Material provided:
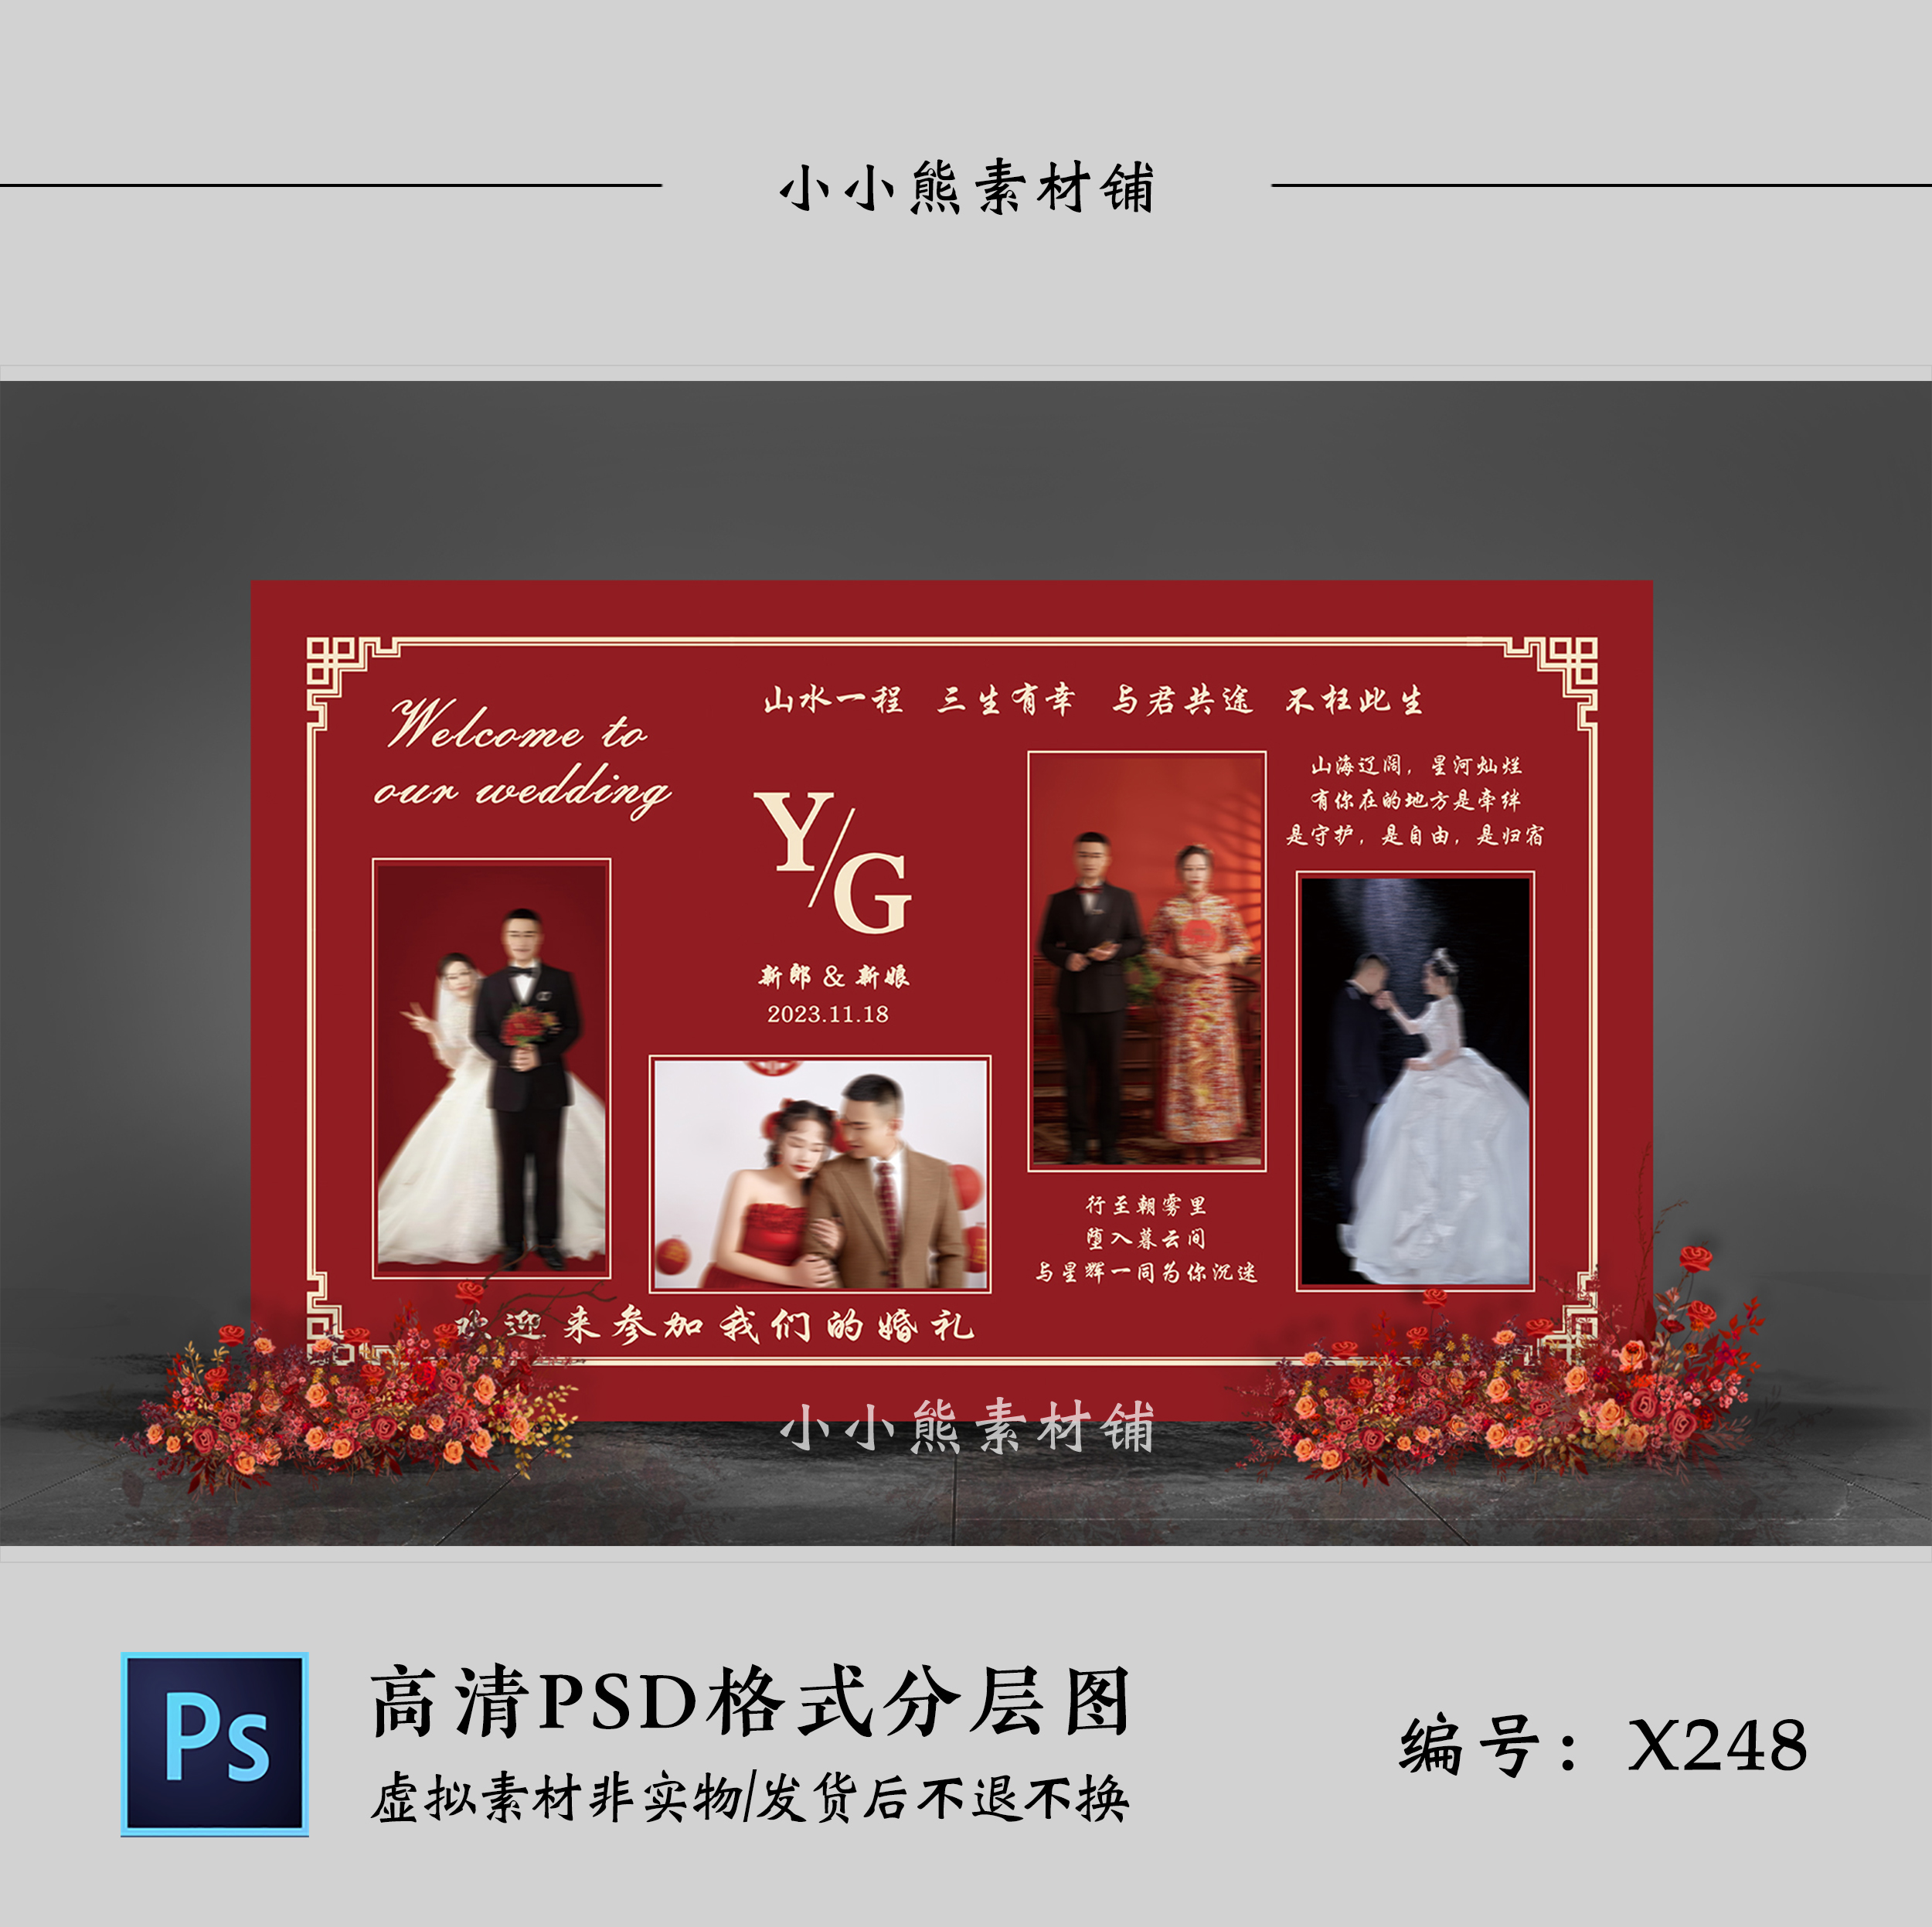 红色中式婚礼设计效果图 结婚照片背景墙喷绘布置PSD素材模板
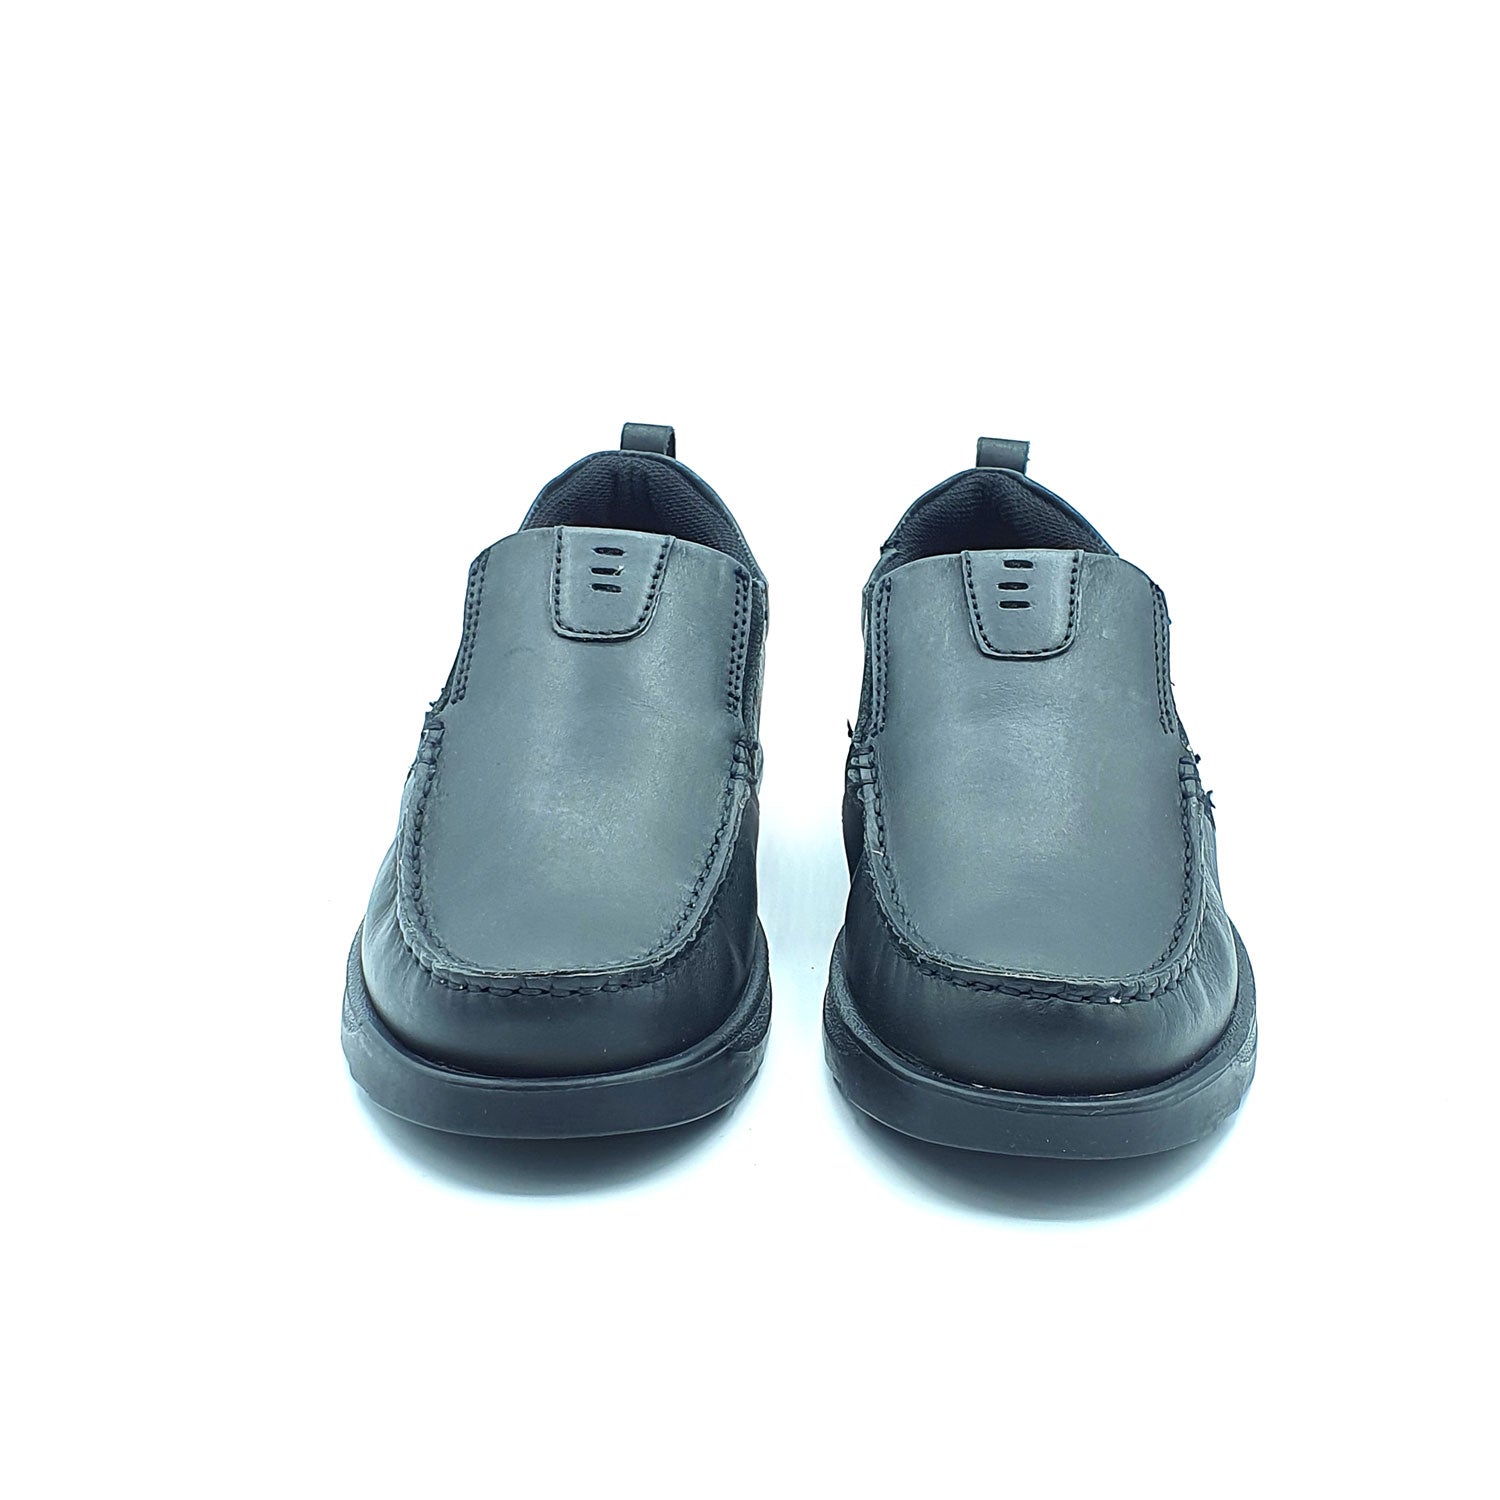 Dubarry Karter Junior Slip On Av8 Shoe - Black 2 Shaws Department Stores
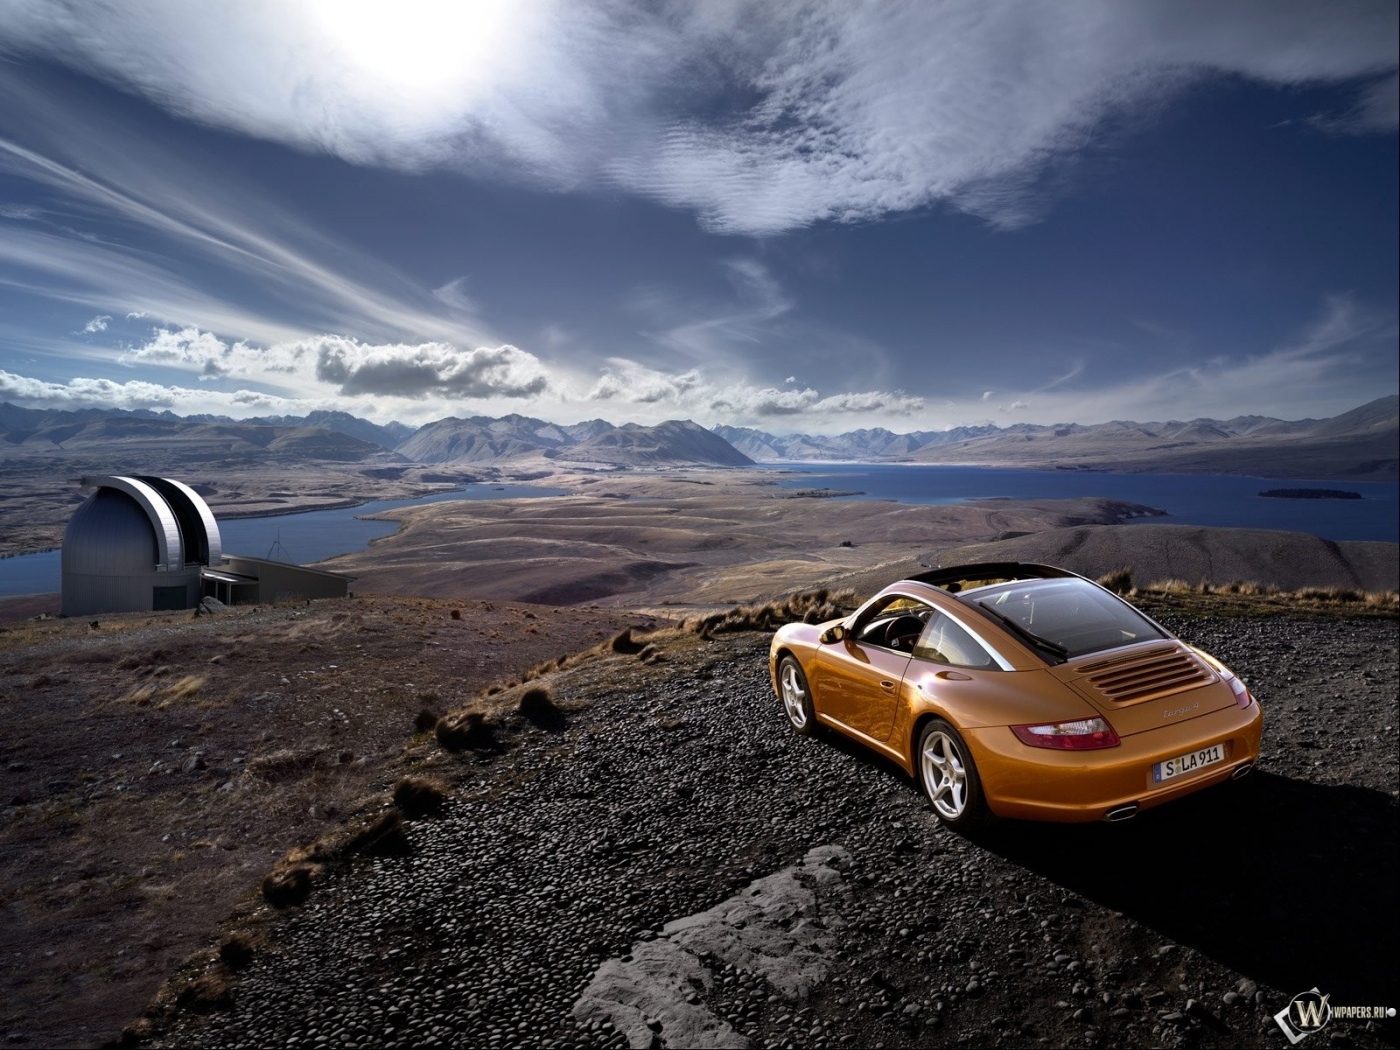 Скачать обои бесплатно Облака, Небо, Транспорт, Горы, Машины, Пейзаж, Порш (Porsche) картинка на рабочий стол ПК

What to work on: Take the listing above and print it exactly, apart from the pictures.

Response to this exercise:
 红色中式婚礼设计效果图 结婚照片背景墙喷绘布置PSD素材模板
 Dubarry Karter Junior Slip On Av8 Shoe - Black 2 Shaws Department Stores
 Скачать обои бесплатно Облака, Небо, Транспорт, Горы, Машины, Пейзаж, Порш (Porsche) картинка на рабочий стол ПК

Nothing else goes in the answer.